On 4/24/2018 7:57 PM, Junio C Hamano wrote:
Ben Peart <peart...@gmail.com> writes:

That said, it makes sense to me to do
this when rename detection is turned off.  In fact, I think you'd
automatically want to set aggressive to true whenever rename detection
is turned off (whether by your merge.renames option or the
-Xno-renames flag).
...

While combining them would work for our specific use scenario (since
we turn both on already along with turning off merge.stat), I really
hesitate to tie these two different flags and code paths together with
a single config setting.

The cases that non-agressive variant leaves unmerged are not
auto-resolved only because marking them as merged will rob the
chance from the rename detection logic to notice which ones are
"new" paths that could be matched with "deleted" ones to turn into
renames.  If rename deteciton is not done, there is no reason to
leave it non aggressive, as "#1 = missing, #2 = something and #3 =
missing" entry (just one example that is not auto-resolved by
non-agressive, but the principle is the same) left unmerged in the
index will get resolved to keep the current entry by the post
processing logic anyway.

In fact, checking git-merge-resolve would tell us that we already
use "aggresive" variant there unconditionally.

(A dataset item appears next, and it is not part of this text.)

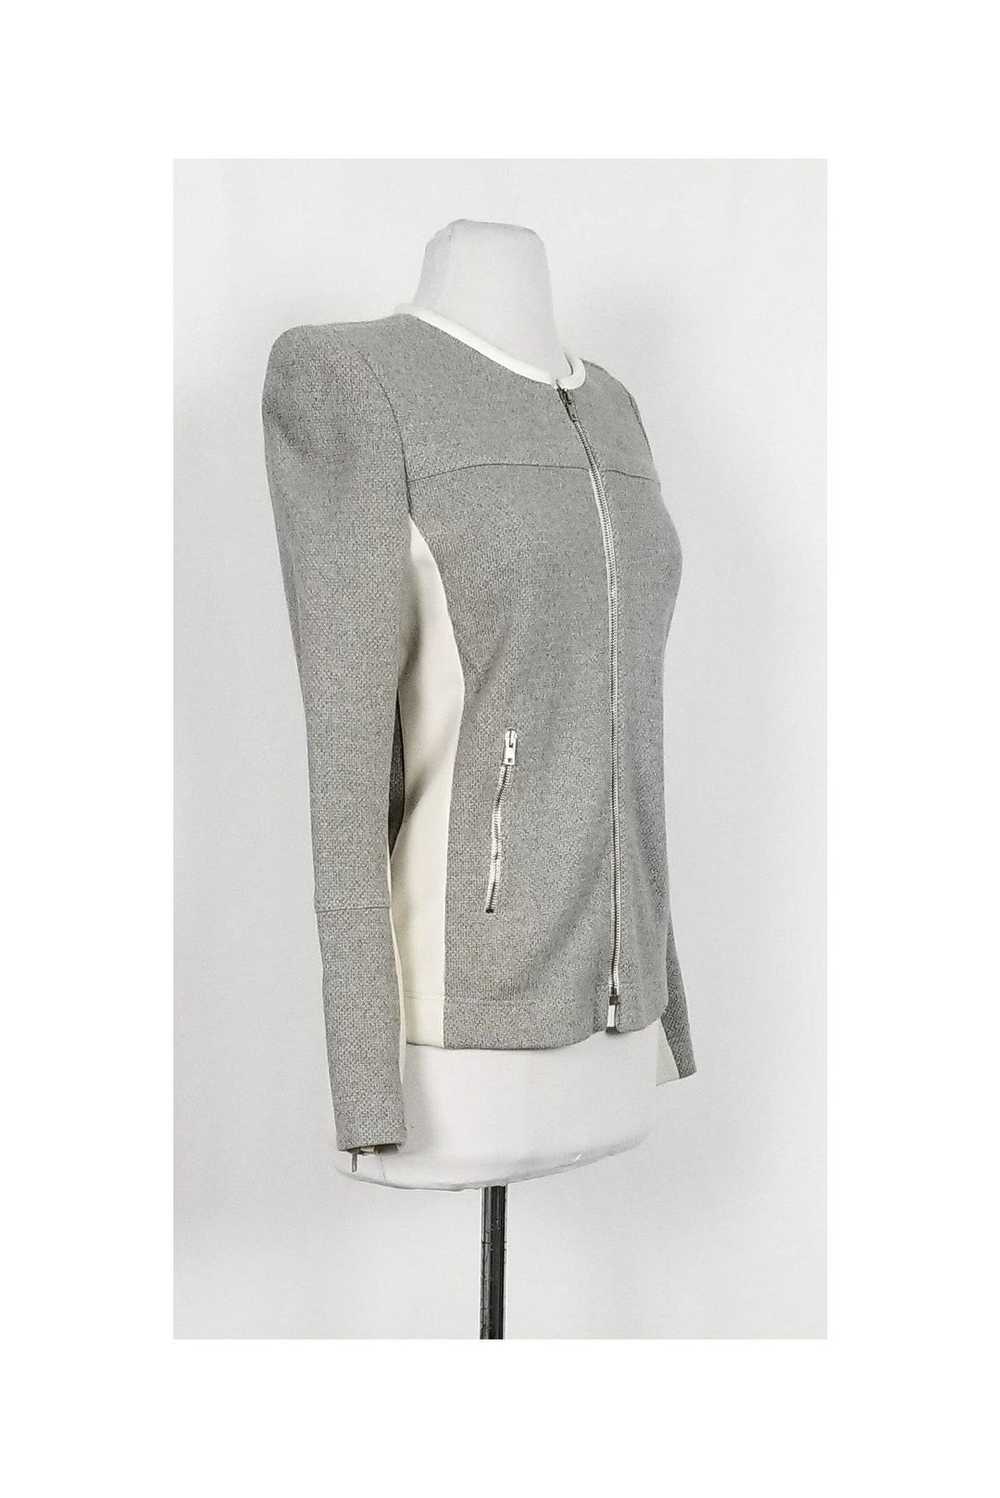 IRO - Grey Knit Jacket w/ Cream Trim Sz 8 - image 2

So, I think Elijah is correct---there is no reason not to enable
this setting when the other one to refuse rename detection is in
effect.


Thank you. I understand this description and it make sense to me. I'm unfamiliar with the merge code so have to rely on you who are the experts for a sanity check.

I will remove the separate merge.aggressive config setting and instead, set the aggressive flag when the renames is turned off (whether by the new merge.renames setting or by the -Xno-renames flag) as Elijah suggests.